* **GIVEN INFORMATION**:

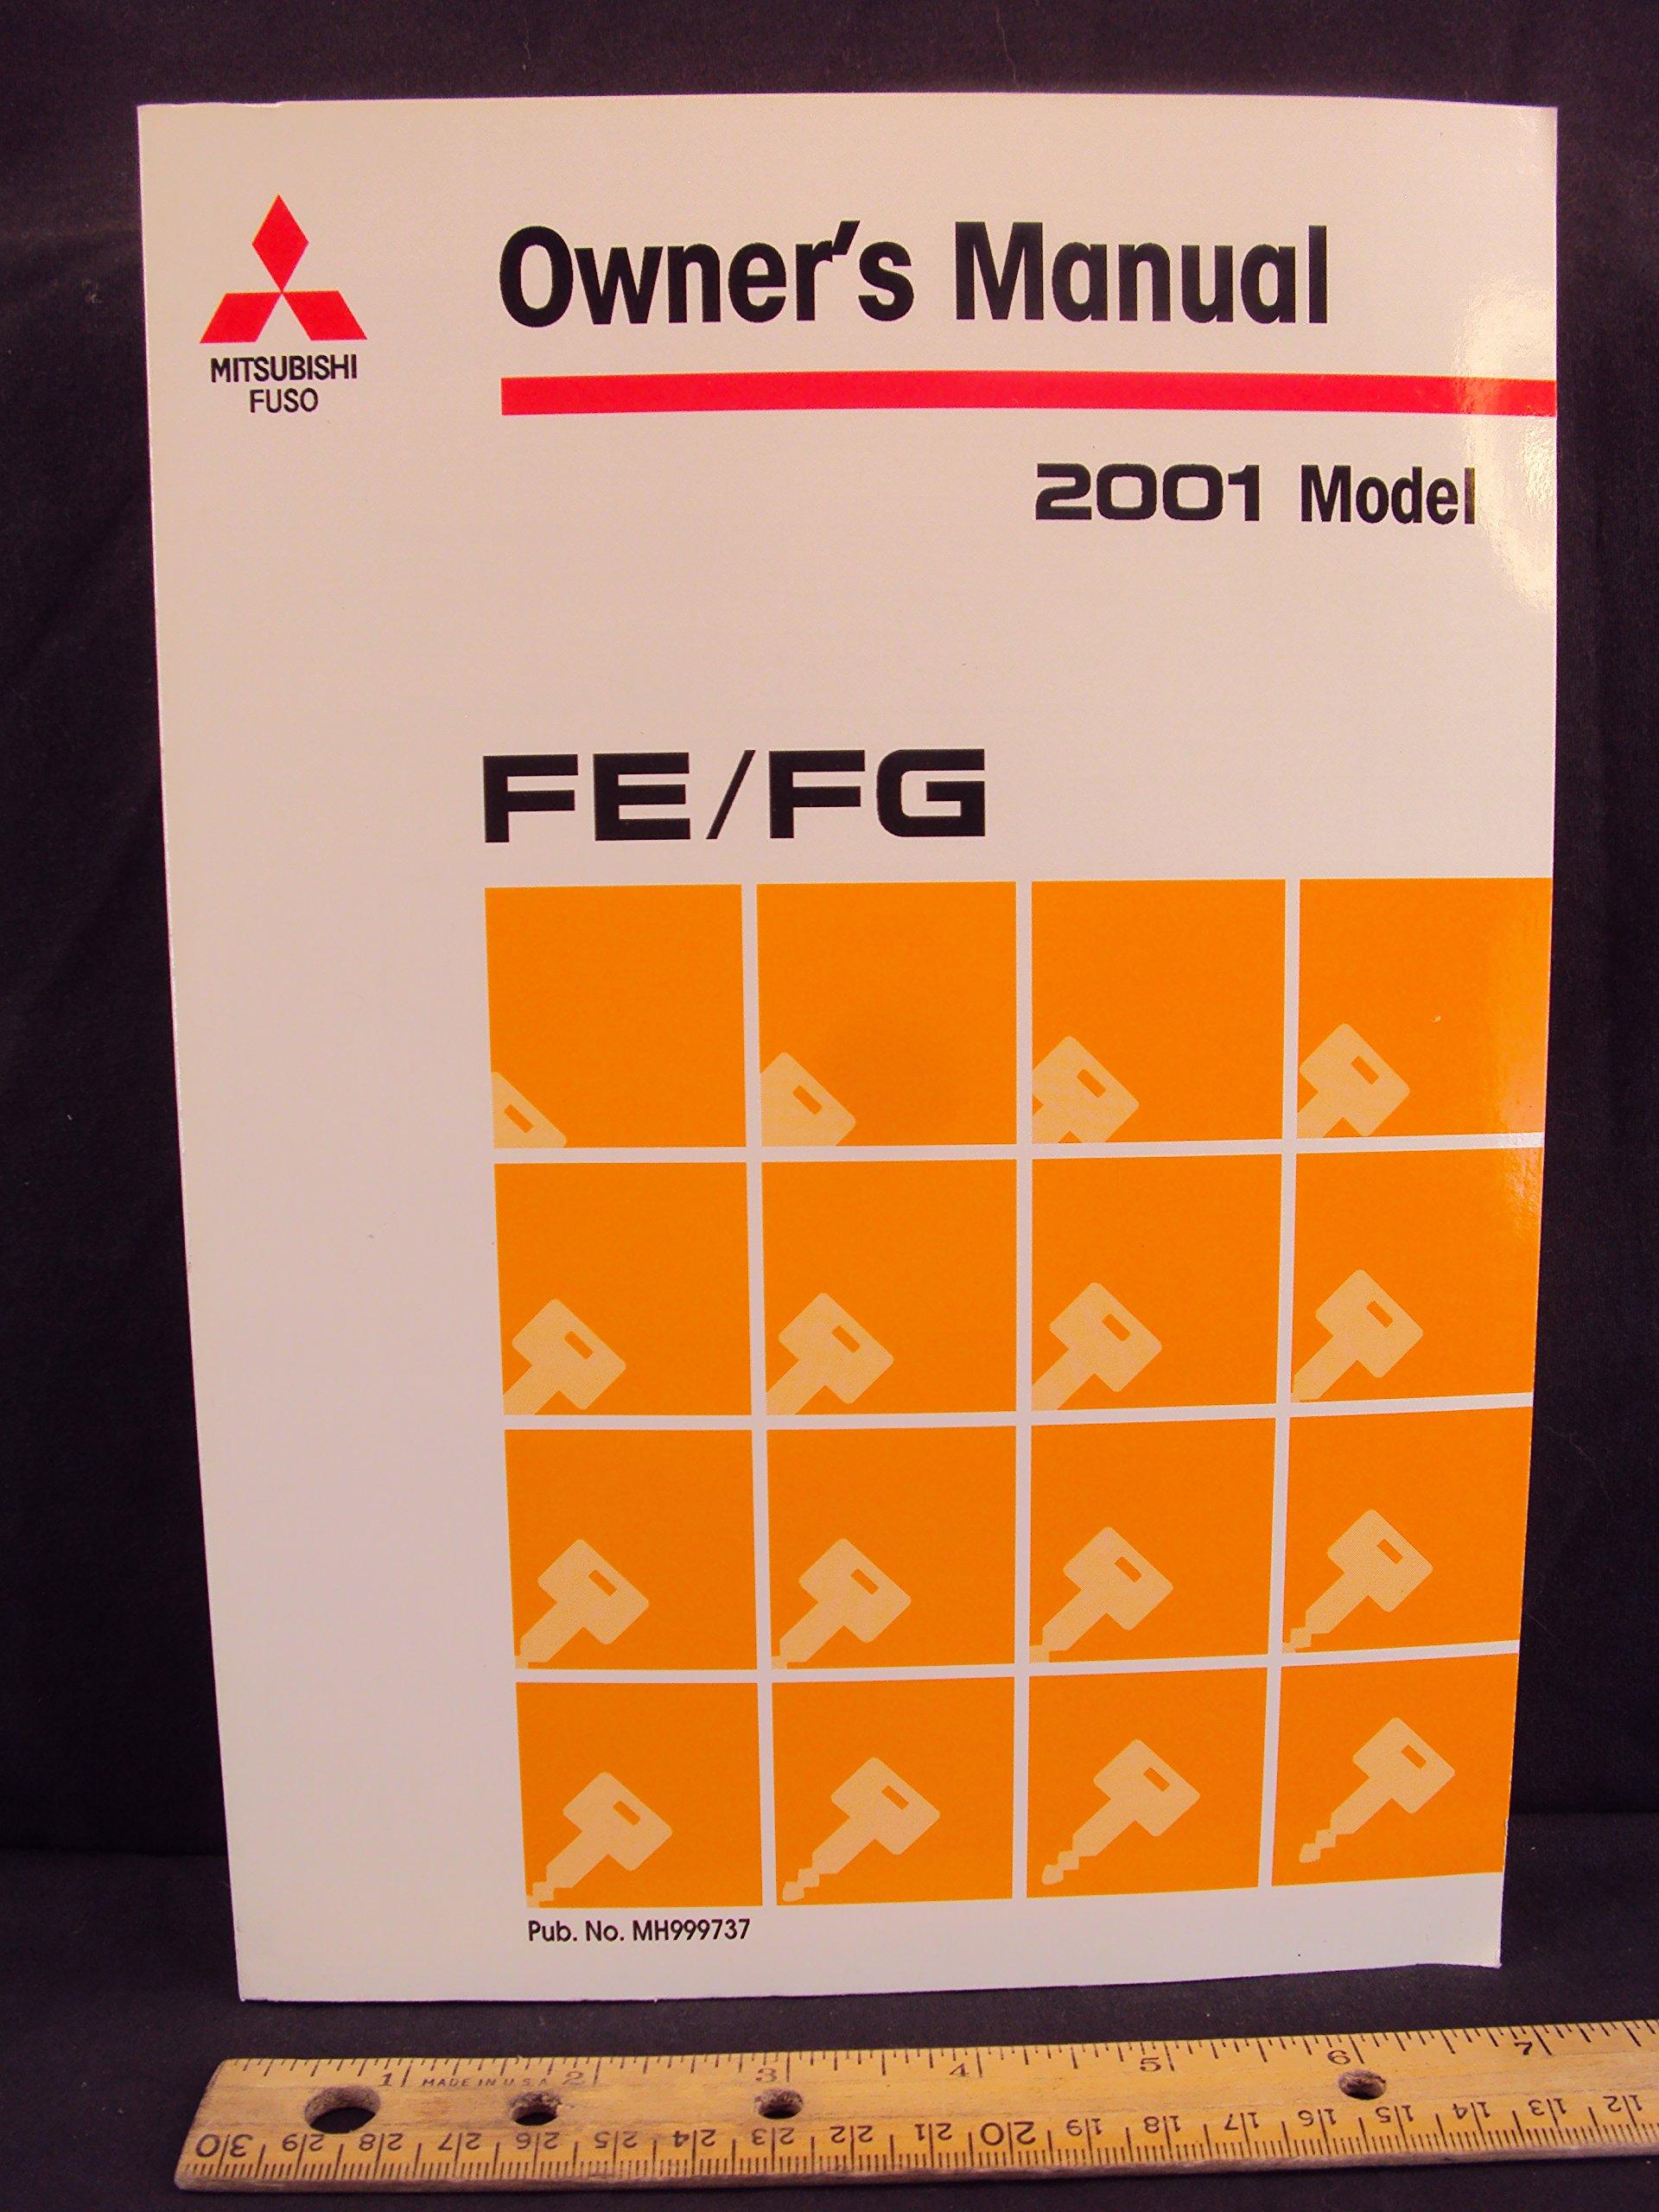 2001 Mitsubishi Fuso FE / FG Truck Owners Manual: Mitsubishi Fuso Truck of  America: Amazon.com: Books
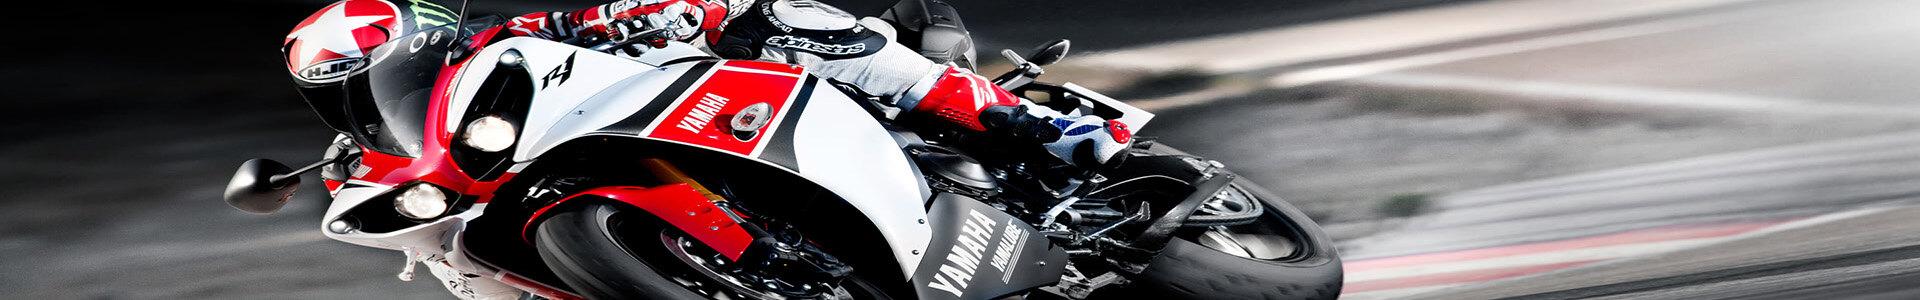 ORILLIA MOTOR SPORTS 1-705-325-6311 new and used Yamaha and
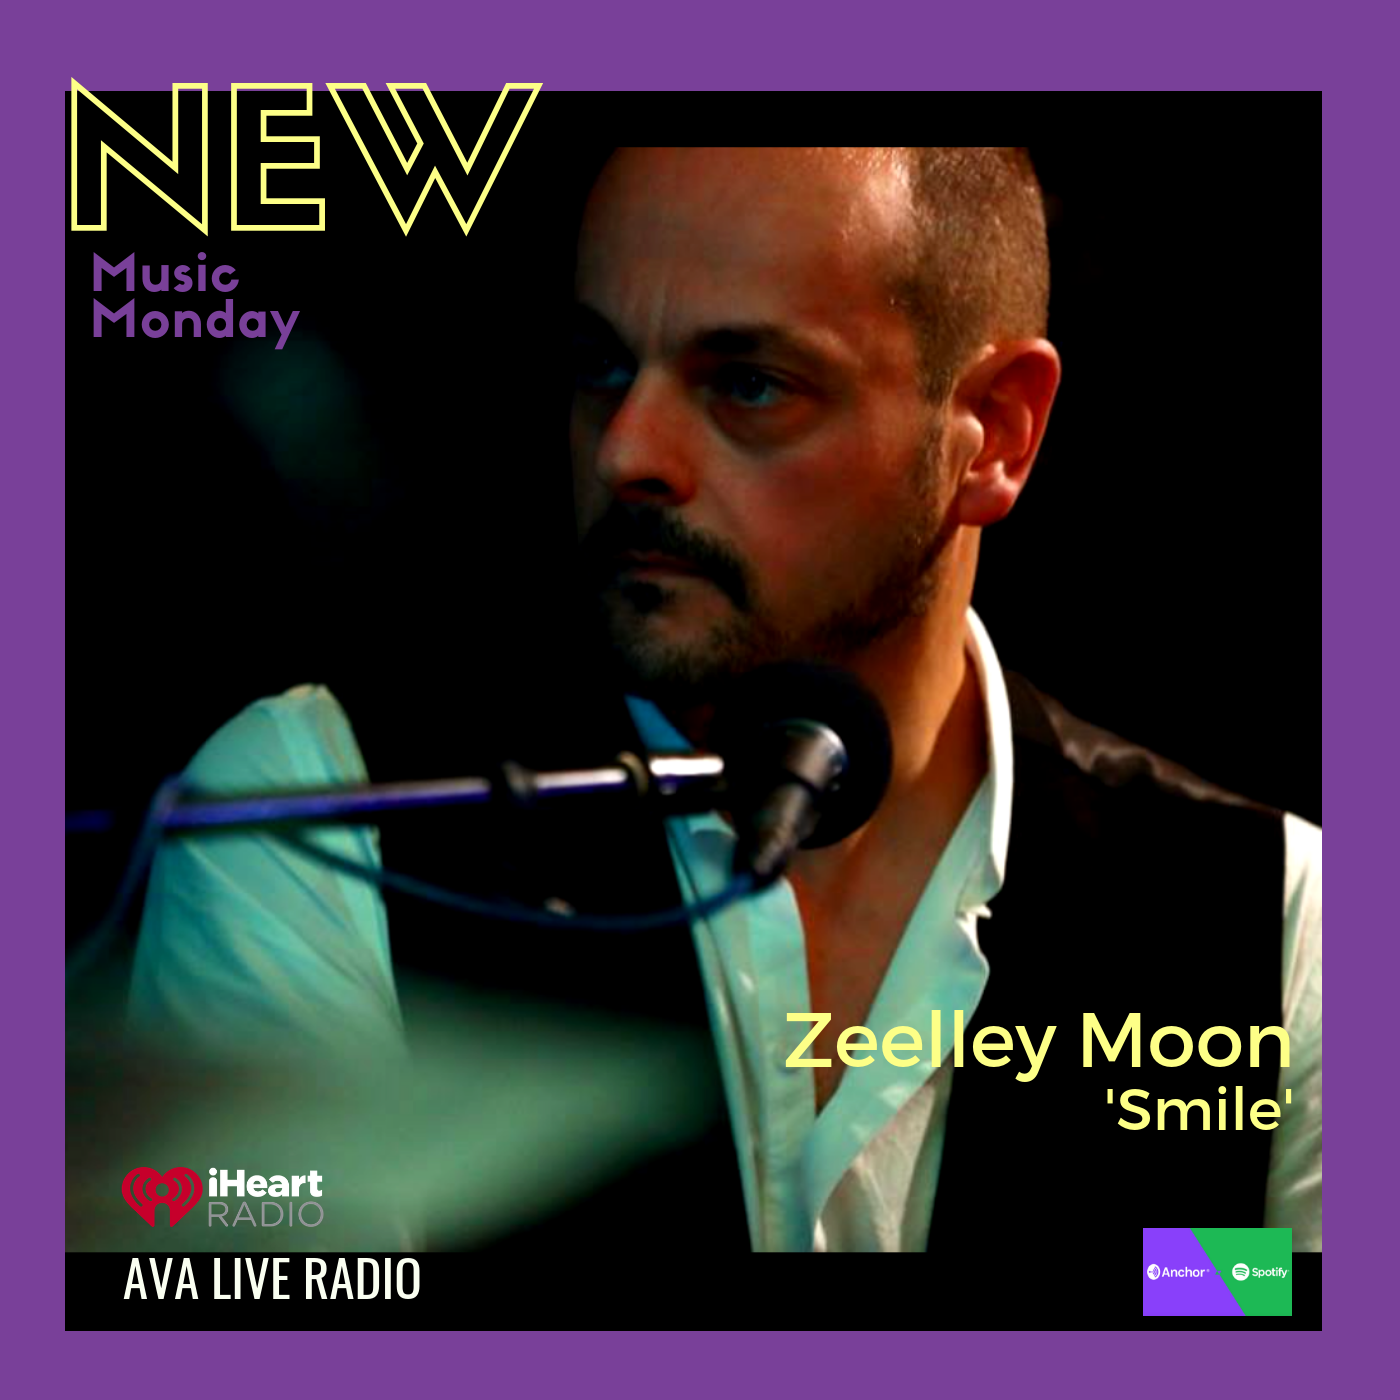 Zeelley Moon avaliveradio.png

* **WORK INSTRUCTIONS**:
Please set the data above down exactly, with the pictures removed.

* **RESULT OF THE TASK**:
 2001 Mitsubishi Fuso FE / FG Truck Owners Manual: Mitsubishi Fuso Truck of  America: Amazon.com: Books
 ORILLIA MOTOR SPORTS 1-705-325-6311 new and used Yamaha and
 Zeelley Moon avaliveradio.png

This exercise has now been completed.